WHAT THIS TASK INVOLVES: Take the lines of the data below from the very first through the line containing "KAGURA - CHANGE YOUR MOTION INTO MUSIC" and output them exactly, pictures excluded.

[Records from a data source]
▬▬▬▬▬▬

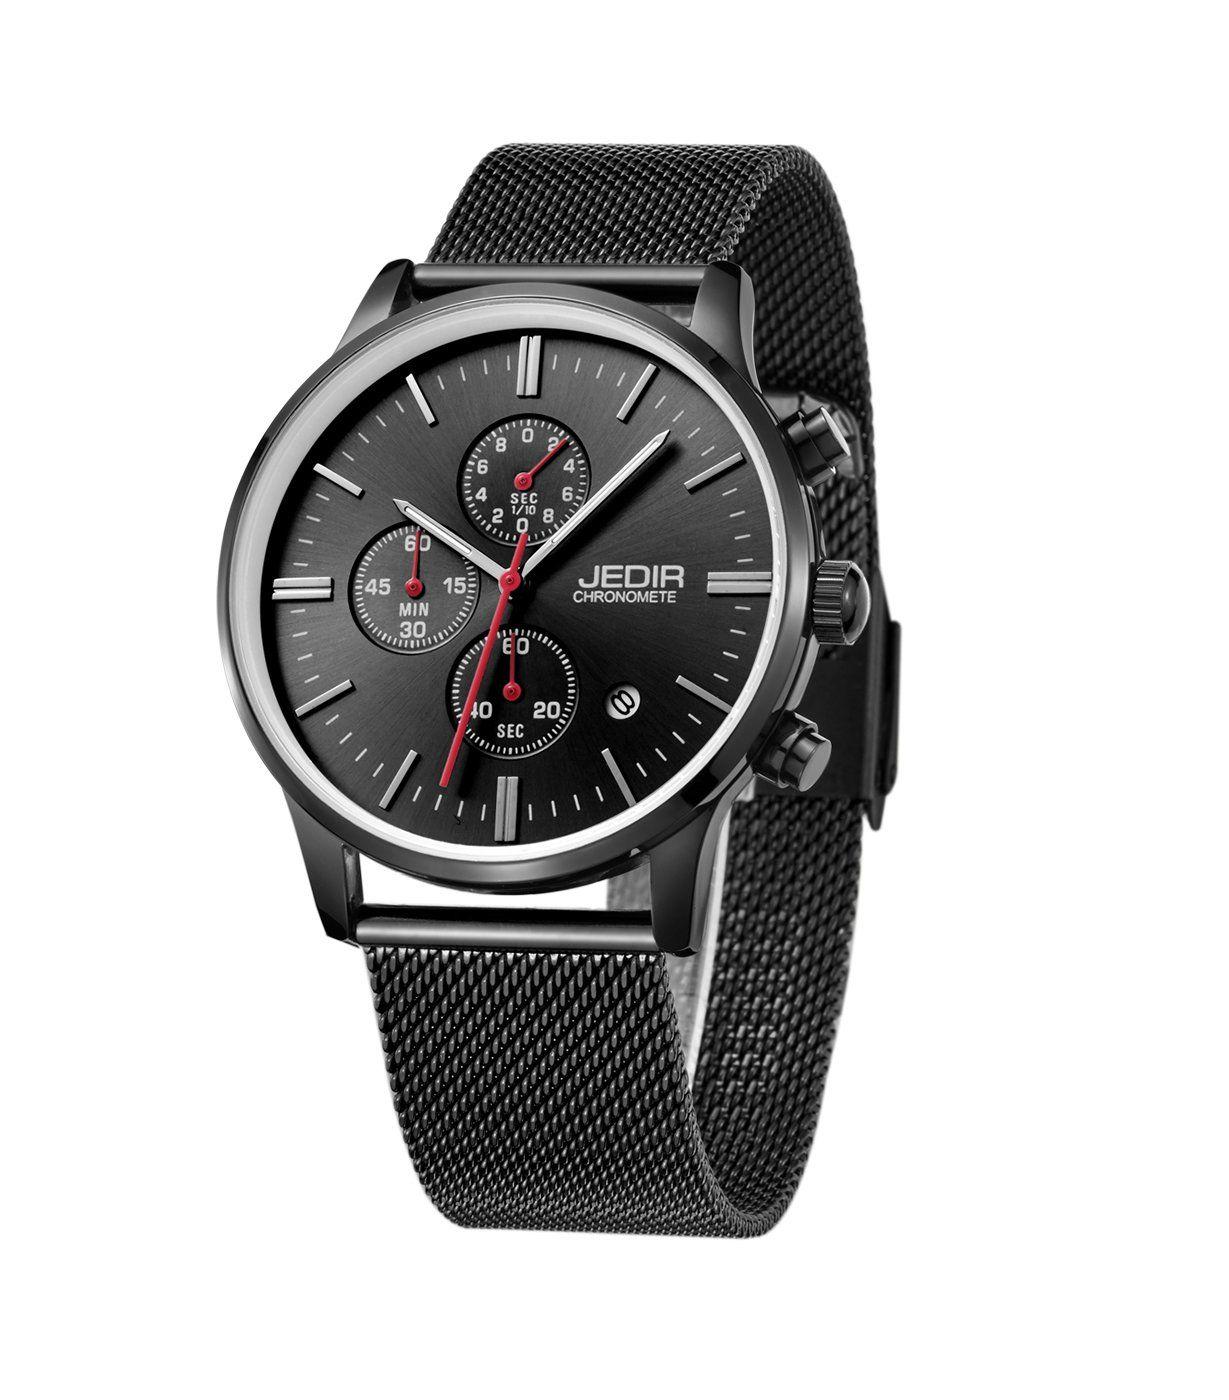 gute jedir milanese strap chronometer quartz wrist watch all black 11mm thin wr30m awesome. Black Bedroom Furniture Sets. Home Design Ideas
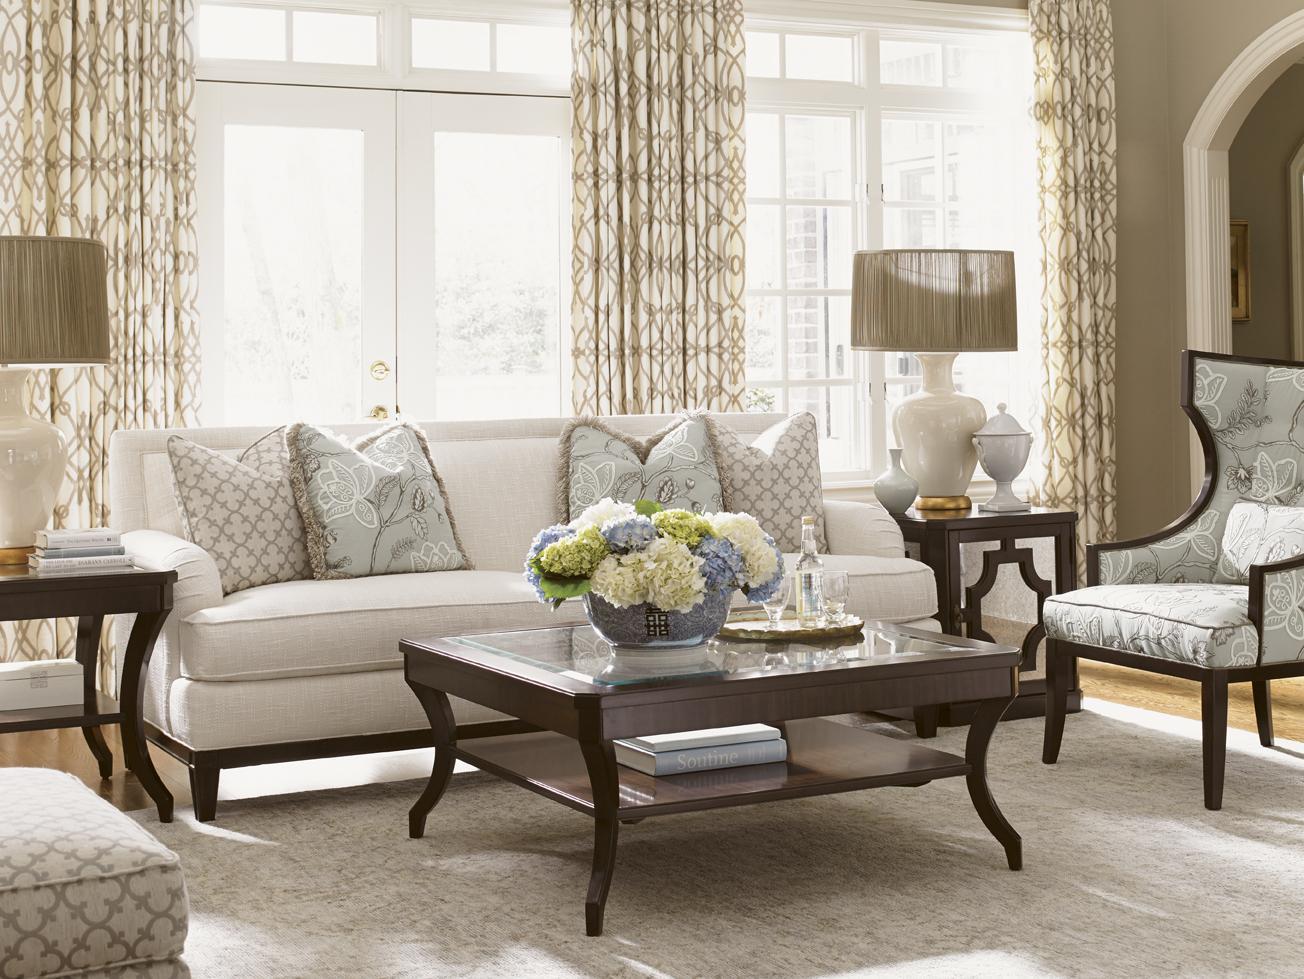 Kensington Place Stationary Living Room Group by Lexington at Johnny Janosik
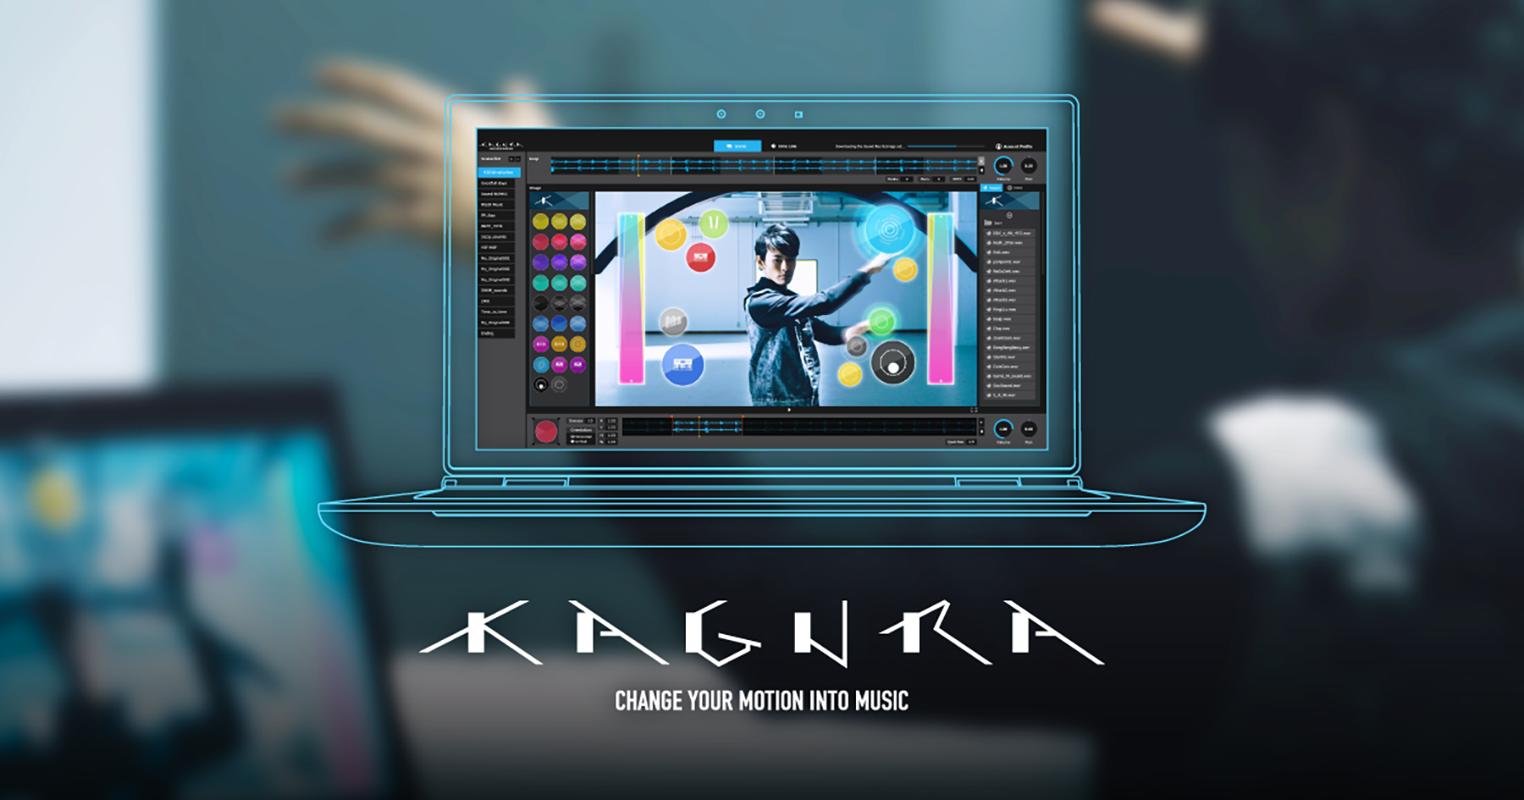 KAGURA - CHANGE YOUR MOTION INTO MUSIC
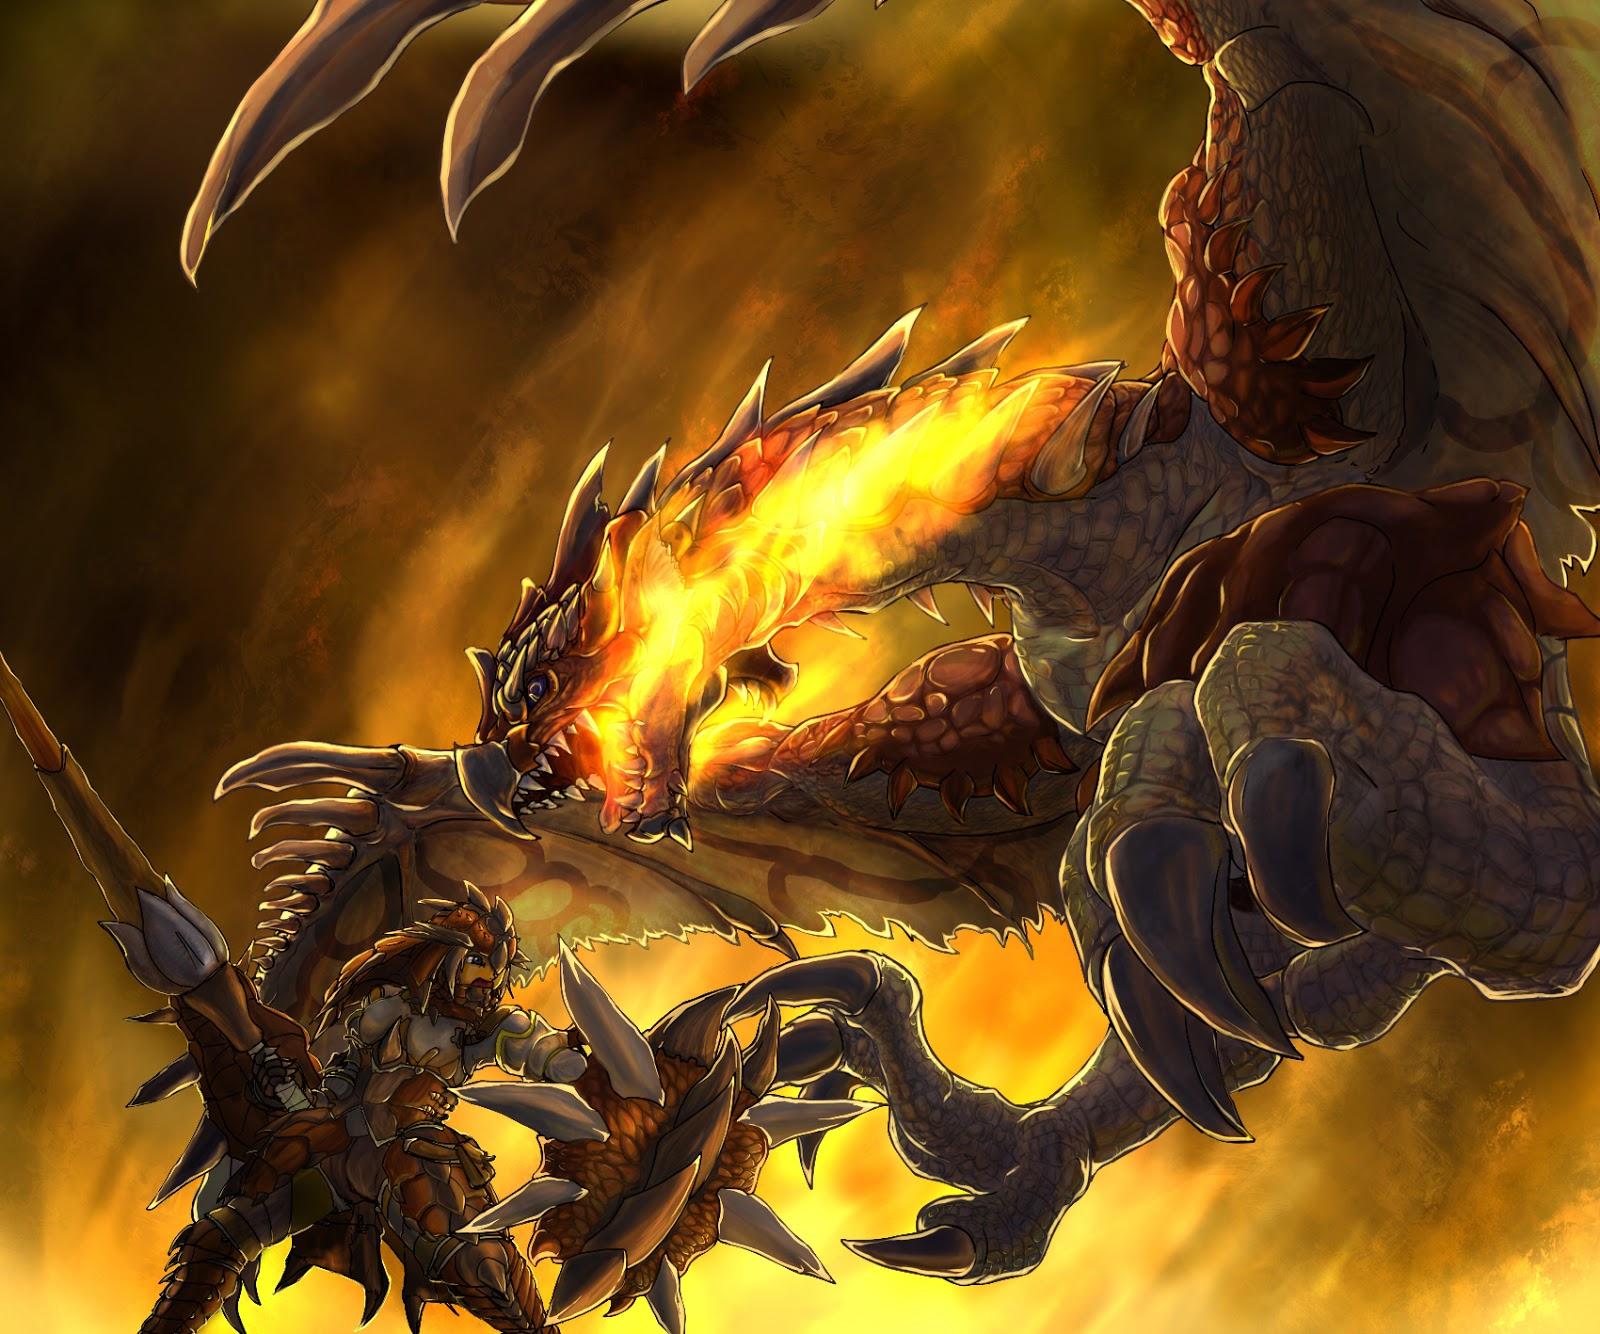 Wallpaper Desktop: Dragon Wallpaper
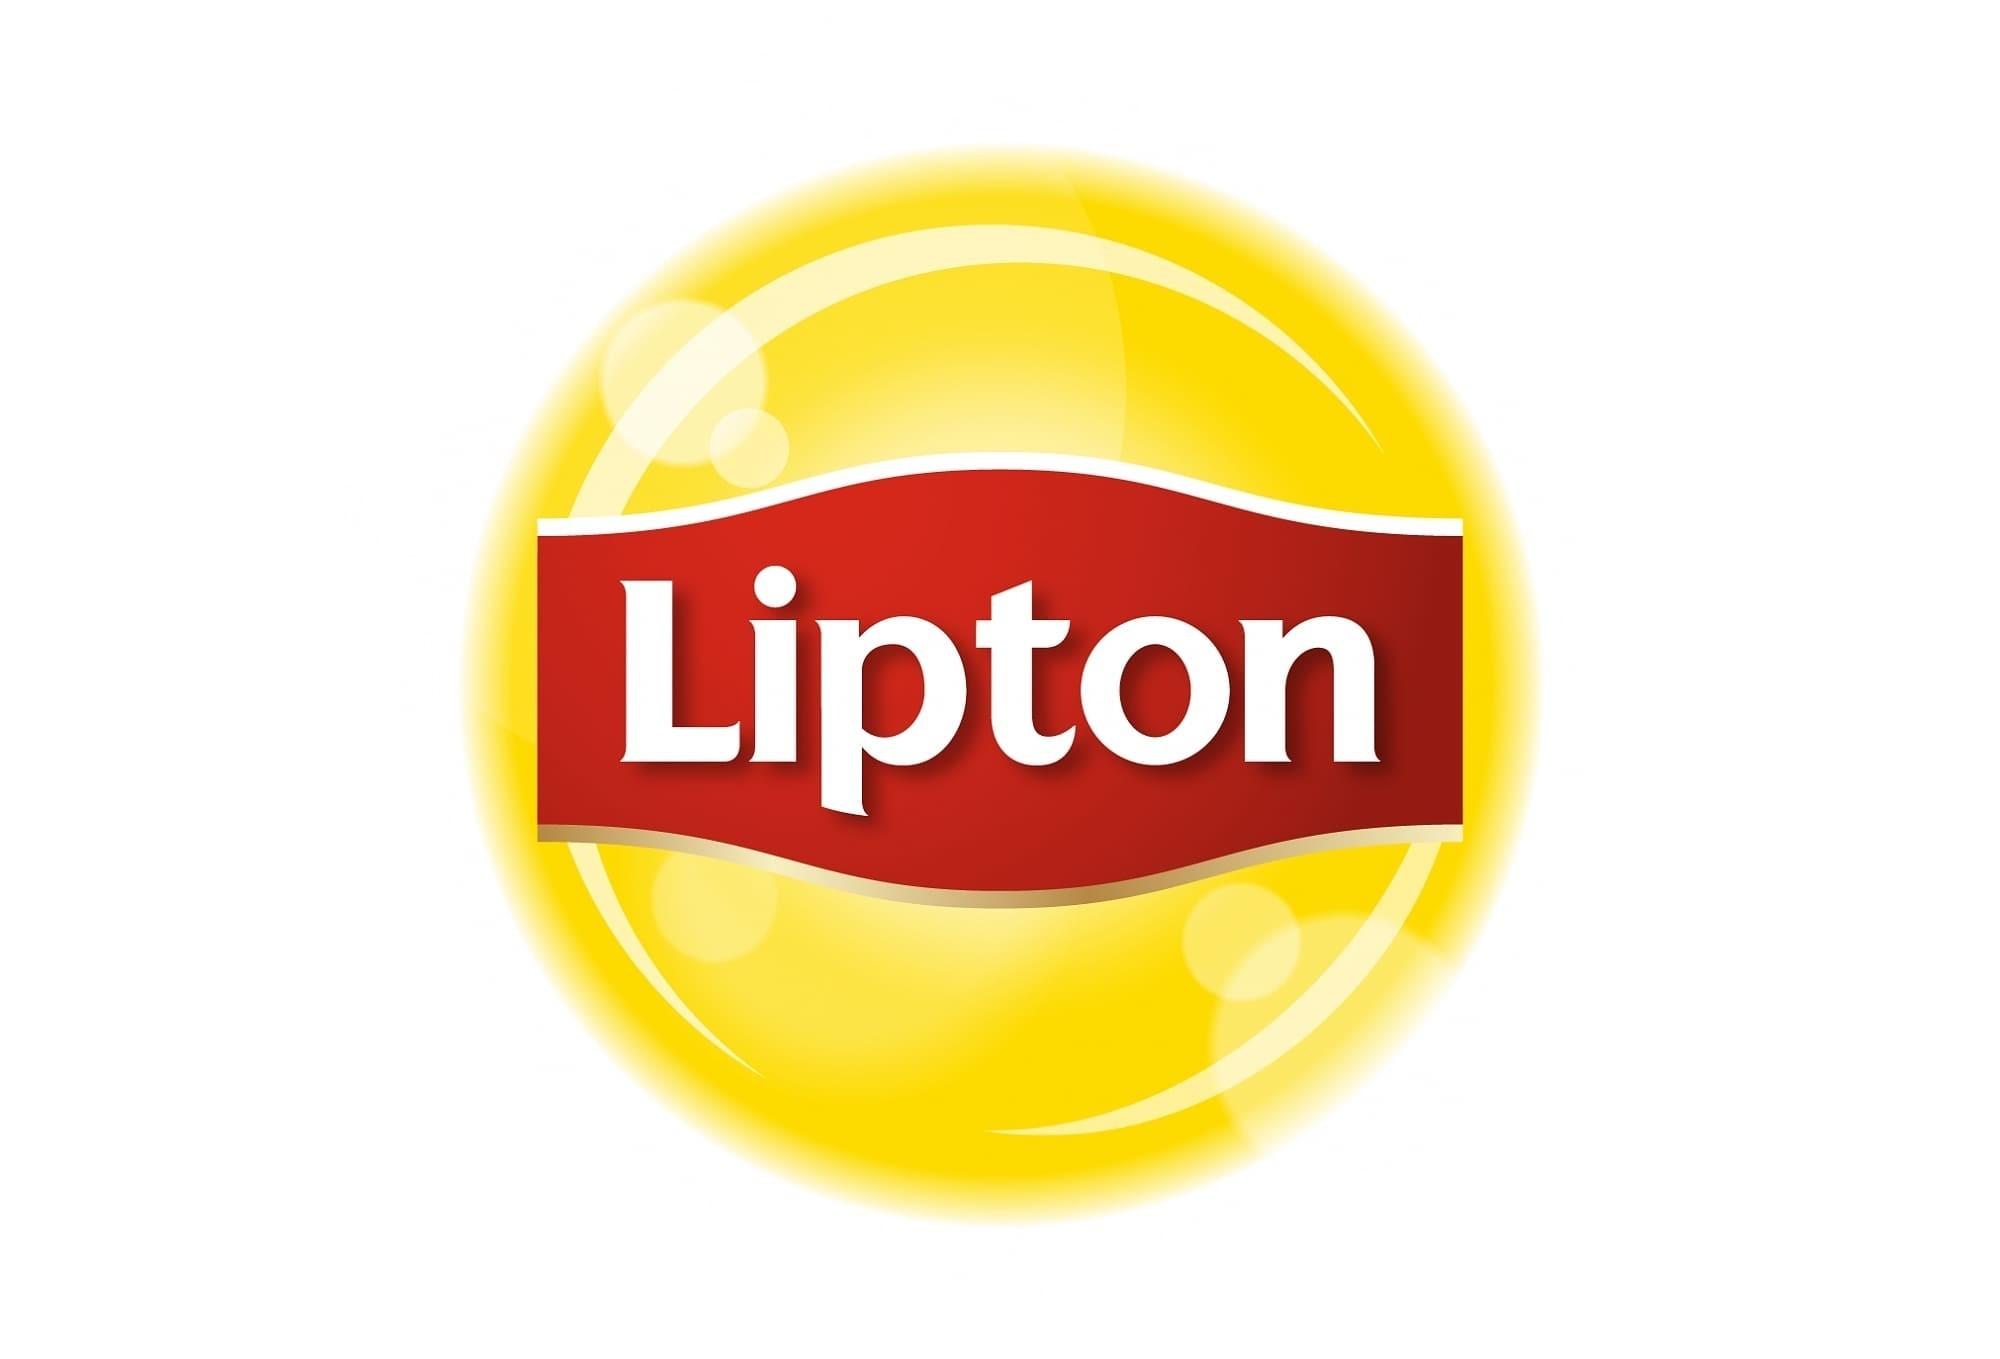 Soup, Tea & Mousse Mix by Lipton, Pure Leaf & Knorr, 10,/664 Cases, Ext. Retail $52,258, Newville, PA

▬▬▬▬▬▬

YOUR RESPONSE:
 gute jedir milanese strap chronometer quartz wrist watch all black 11mm thin wr30m awesome. Black Bedroom Furniture Sets. Home Design Ideas
 Kensington Place Stationary Living Room Group by Lexington at Johnny Janosik
 KAGURA - CHANGE YOUR MOTION INTO MUSIC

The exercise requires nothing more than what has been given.